I won't sugarcoat it. Your first loaf probably won't look like the ones on Instagram. It might be a little flat, a little dense, or a little lopsided. That's completely normal and honestly part of the fun. The flavor will still be incredible, and each loaf after that first one will get better and better as you learn how your starter, your oven, and your kitchen work together.

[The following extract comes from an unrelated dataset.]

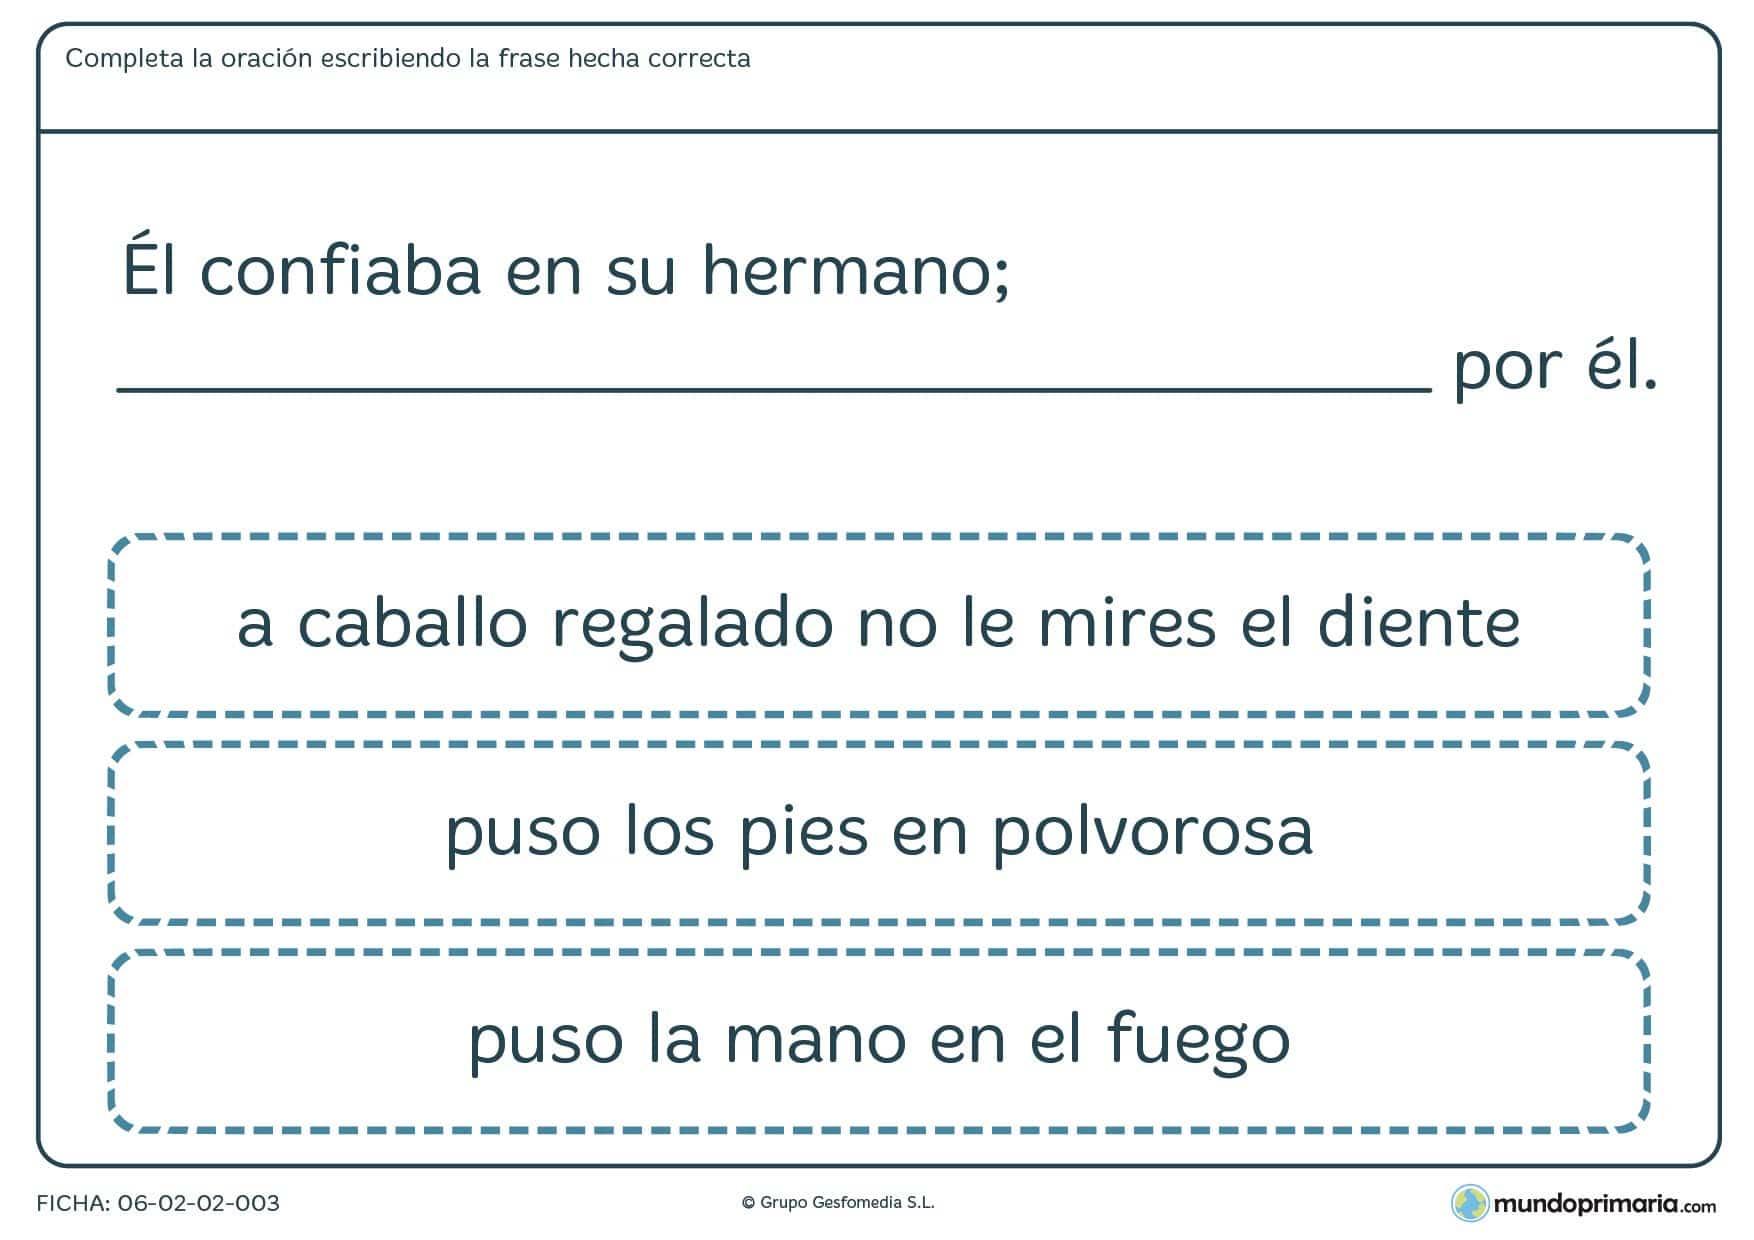 Ficha de lenguaje sobre refranes para alumnos de 4º de Primaria
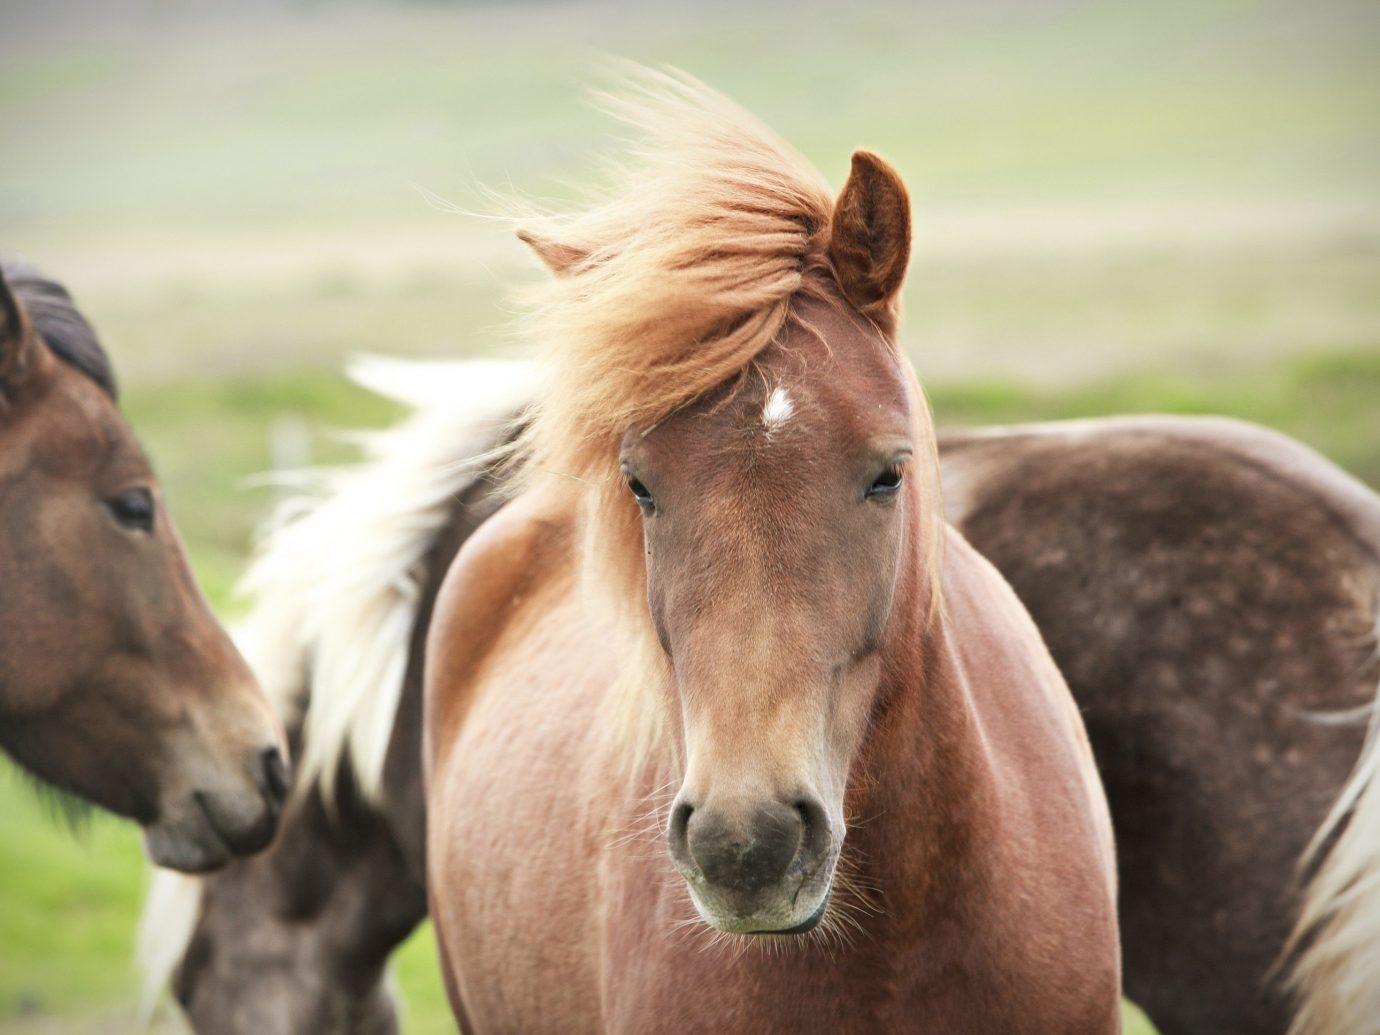 Trip Ideas grass horse outdoor animal mammal field vertebrate mare mane fauna pasture mustang horse horse like mammal stallion standing foal colt grassy close

I've been baking with sourdough starters for many years and helping customers bake their first loaves for just as long. This guide walks you through the entire process from start to finish in plain language, with no unnecessary jargon. If you can stir, fold, and set a timer, you can make sourdough bread.
What You'll Need
Before you start, make sure you have the following on hand:
- Active sourdough starter. It should have been fed within the last 4 to 8 hours and be at or near its peak (bubbly, doubled in volume, airy texture). If you're not sure whether your starter is ready, check out our feeding schedule guide.
- Unbleached bread flour. 500 grams (about 4 cups). Bread flour gives the best structure and rise for a beginner loaf. All-purpose works too, but expect a slightly flatter result.
- Water. 350 grams (about 1.5 cups). Filtered tap water at room temperature or slightly warm.
- Salt. 10 grams (about 2 teaspoons). Use fine sea salt or kosher salt. Avoid iodized table salt, which can leave a slightly bitter taste.
- A kitchen scale. Seriously, this matters. Measuring by weight is so much more accurate than cups, and consistency is everything in bread baking. A basic digital scale costs about $10 and will change your results overnight.
- A Dutch oven (or any heavy, oven-safe pot with a lid). This traps steam around the bread as it bakes, which is what gives sourdough its signature crispy crust and dramatic rise in the oven.
- A banneton basket or a bowl lined with a floured towel. This holds the dough's shape while it rises overnight in the fridge.
- Parchment paper. For transferring the dough into the hot Dutch oven without burning yourself.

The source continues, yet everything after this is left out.